Member of the Regional council of Île-de-France
- Incumbent
- Assumed office 26 March 2010
- President: Jean-Paul Huchon Valérie Pécresse

Member of League of Human Rights - France

Personal details
- Born: 8 February 1961 (age 65) Pointe-à-Pitre, Guadeloupe
- Party: UMP The Republicans
- Spouse: Samia Badat-Karam
- Alma mater: Paris Descartes University Pantheon-Sorbonne University University of Burgundy
- Profession: Lawyer

= Patrick Karam =

French personality

Patrick Karam (born 8 February 1961) is a French personality defending human rights. He is a researcher in international relations. He is the vice-president of the regional council of Île-de-France, responsible for youth, sports and community life.

== Early life and education ==
Of Lebanese origin, Karam lived and followed his schooling in Guadeloupe and obtained his Baccalauréat C (scientific series of the time) at Lycée Baimbridge in Guadeloupe.

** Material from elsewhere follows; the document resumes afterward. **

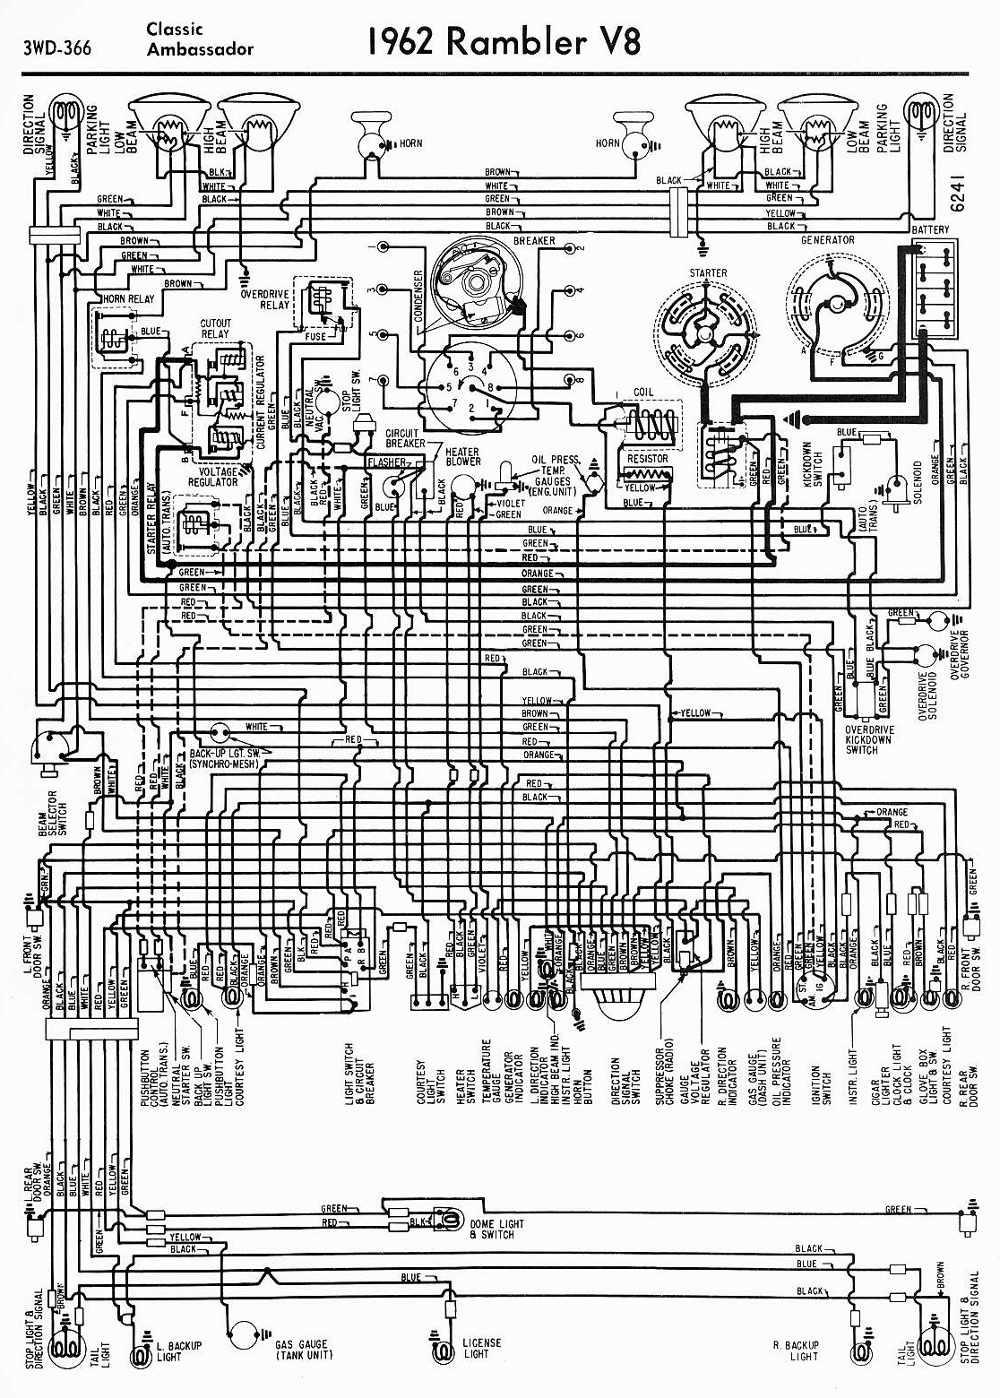 medium resolution of amc car manuals wiring diagrams pdf fault codes 1973 amc ambassador 1973 amc wiring diagram

He holds a doctorate in political science from the University of Burgundy in Dijon.

== Career ==
A former Interministerial Delegate for Equal Opportunities for French Overseas under President Nicolas Sarkozy, Karam has been serving as regional advisor of Île-de-France (UMP) since 2010, and Inspector General of Youth and Sports since 2011.

He is the president of the Coordination of the Christians of East in Danger (CHREDO) established in September 2013. He is the first president of the Representative Council of the French Overseas.

Since December 2015 Karam has been vice-president of the regional council of Île-de-France, responsible for youth, sports and community life.

In August 2024, after French Olympic sprinter Muhammad Abdallah Kounta was suspended by the President of the French Athletics Federation for publishing comments inciting hatred on social media, including inciting hatred against France, white people, Christians, and Jews, as well as support for the Islamist group Hamas, and including his desire to “kill Little White," Karam called for the "heaviest sanctions" to be levied against Kounta, including criminal prosecution and Kounta's permanent removal by the French Athletics Federation's Disciplinary Committee.

== Human rights ==
From 1987 to 1989, Karam created and directed human rights and inter-youth solidarity, a humanitarian aid organization carrying out sister city of French schools with African schools and Lebanese. He also worked with Operation Save the Children of Lebanon during the 1989 bombings in Lebanese Civil War, which mobilized 150,000 children and thousands of schools (bringing together their drawings, poems, letters ... addressed to four heads of state).

== Political positions ==
Ahead of the Republicans’ 2016 primaries, Karam endorsed Nicolas Sarkozy as the party’s candidate for 2017 presidential elections.